Abstract

The financial report is a report that presents data about the company's finances in a certain period. The importance of a financial report will be a trigger for company management to take various ways so that the company's financial statements always look good. This study uses agency theory, which is a theory that explains the relationship between shareholders (principals) and management (agents), where the agent is tasked with carrying out every order from the principal to improve company performance so that it can put pressure on agents to commit financial statement fraud. The sample of this research is infrastructure, utility, and transportation companies listed on the IDX during the 2018-2020 period, totaling 45 companies so as to obtain 135 research samples. This research was conducted with non-probability sampling technique and purposive sampling method. The tests in this research are pooling test and logistic regression analysis test.

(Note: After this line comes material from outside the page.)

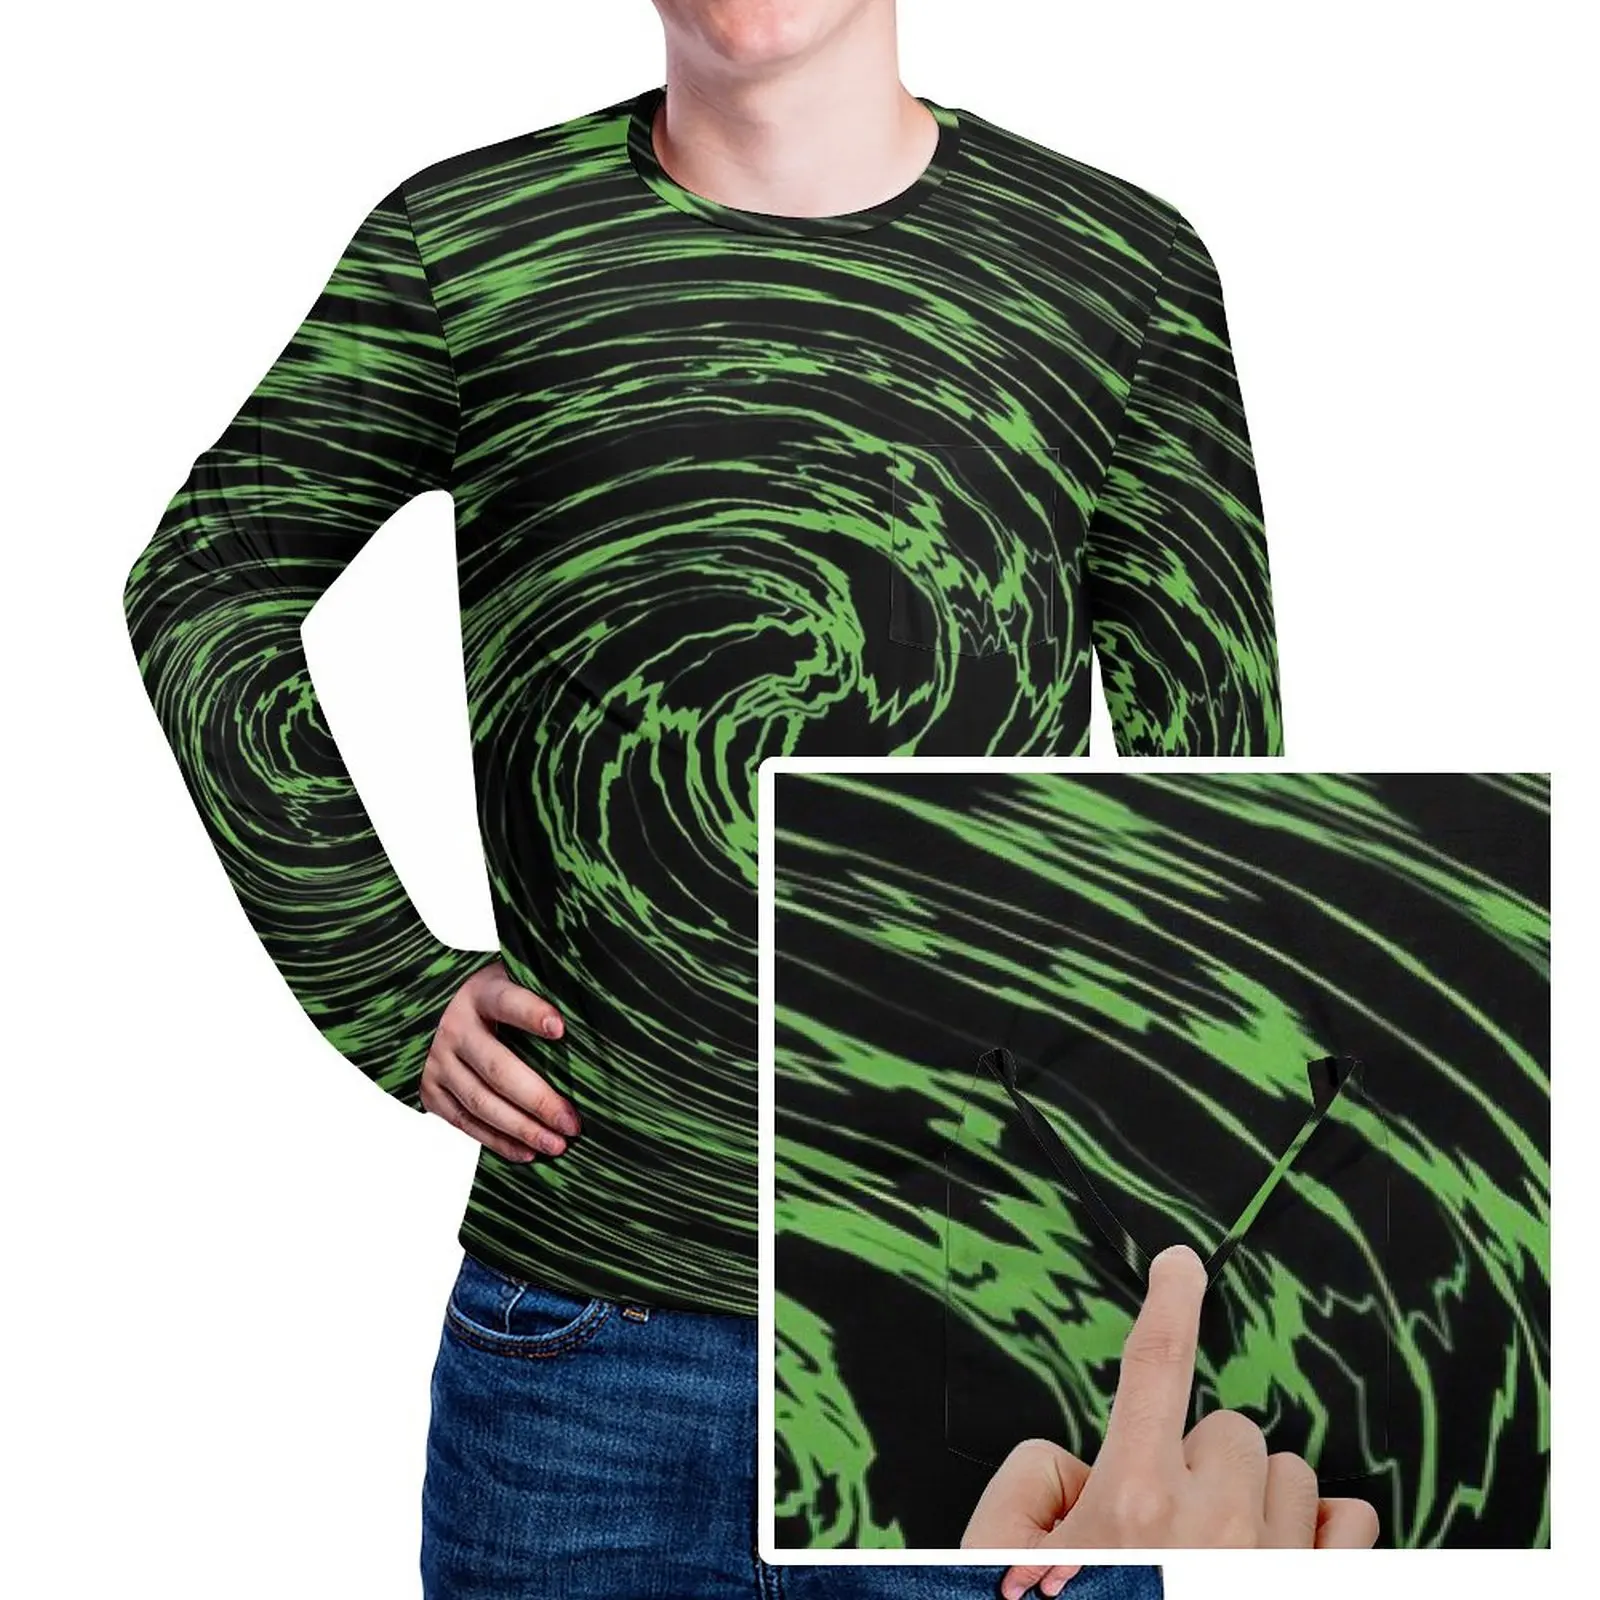 

Shallow Water T-Shirt Spring Green Vortex Print Aesthetic T-Shirts Mens Hippie Graphic Tee Shirt Large Size 4XL 5XL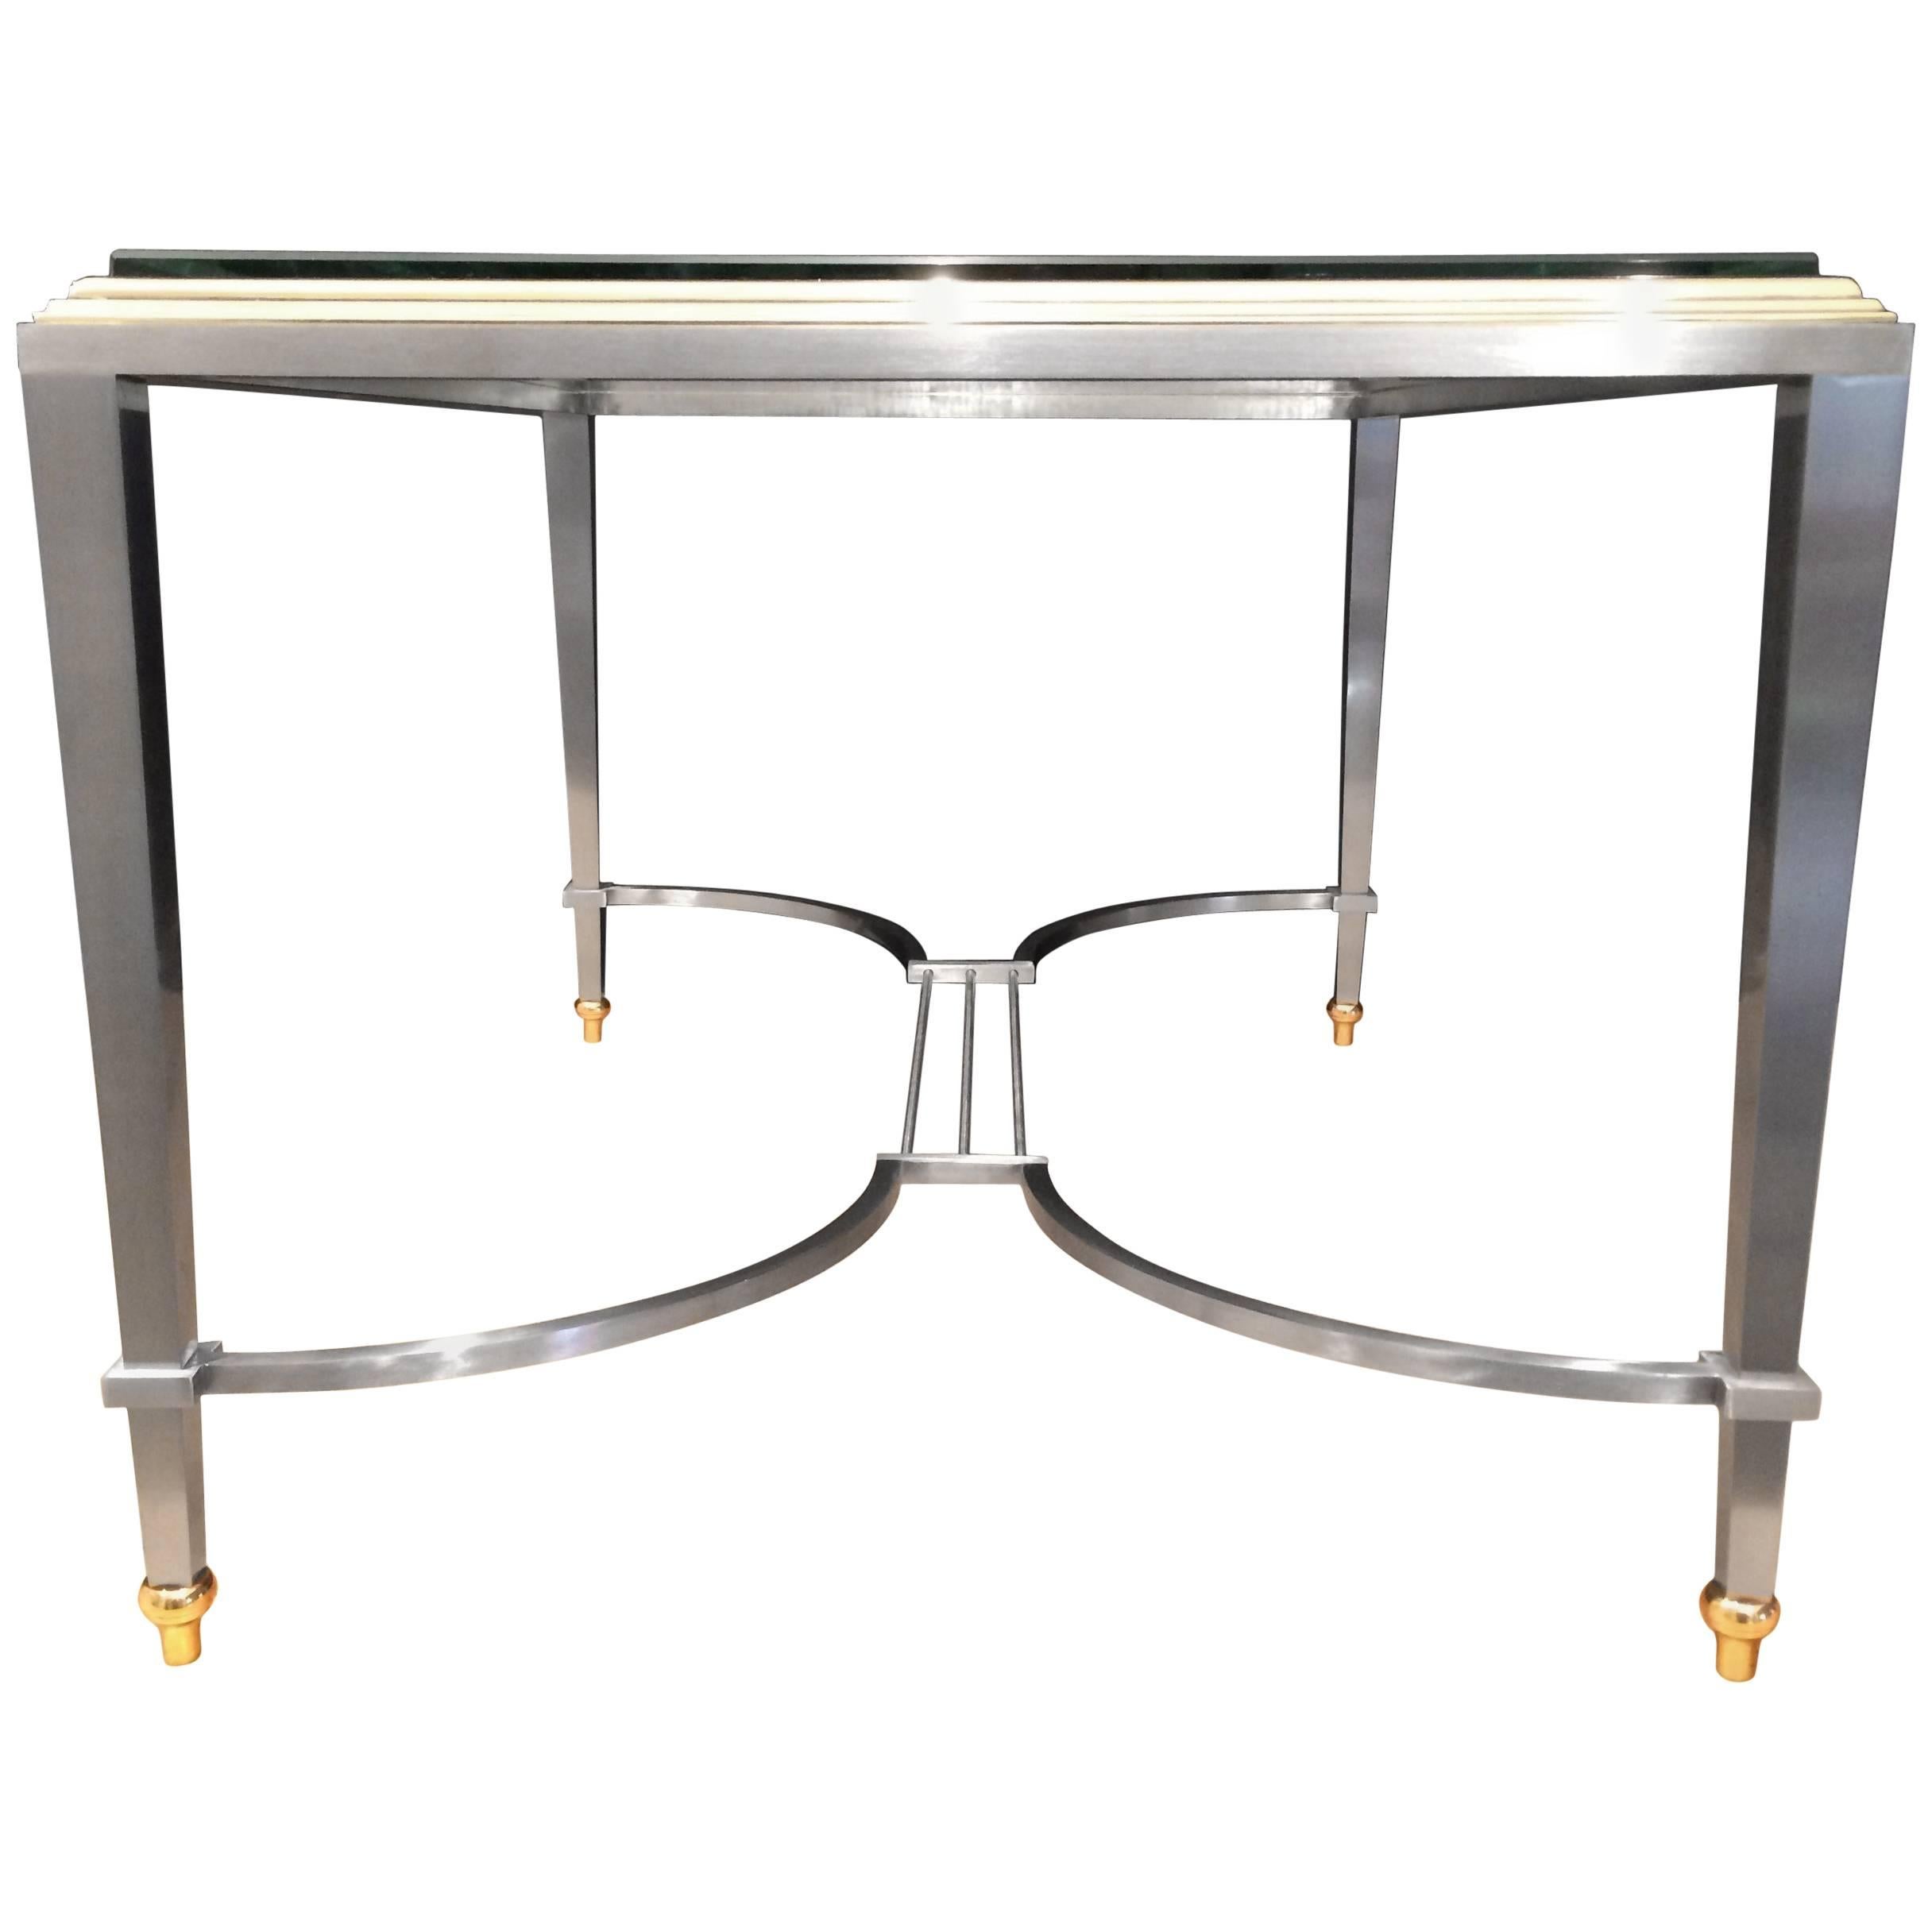 Italian Brass and Steel Coffee Table, 1950s For Sale

This study states that the variables of financial stability, nature of industry, and the ratio of total accruals have a positive and significant effect on the possibility of fraudulent financial reporting. The financial target variable has a negative and significant effect on the possibility of fraudulent financial reporting. Meanwhile, external pressure, ineffective monitoring, change in auditor, CEO's education, frequent number of CEO's pictures, and state-owned enterprises variables have no significant effect on the possibility of fraudulent financial reporting. Suggestions for further researchers are to add other independent variables such as personal financial needs, CEO duality, change in directors, and political connection as variables that can trigger financial statement fraud.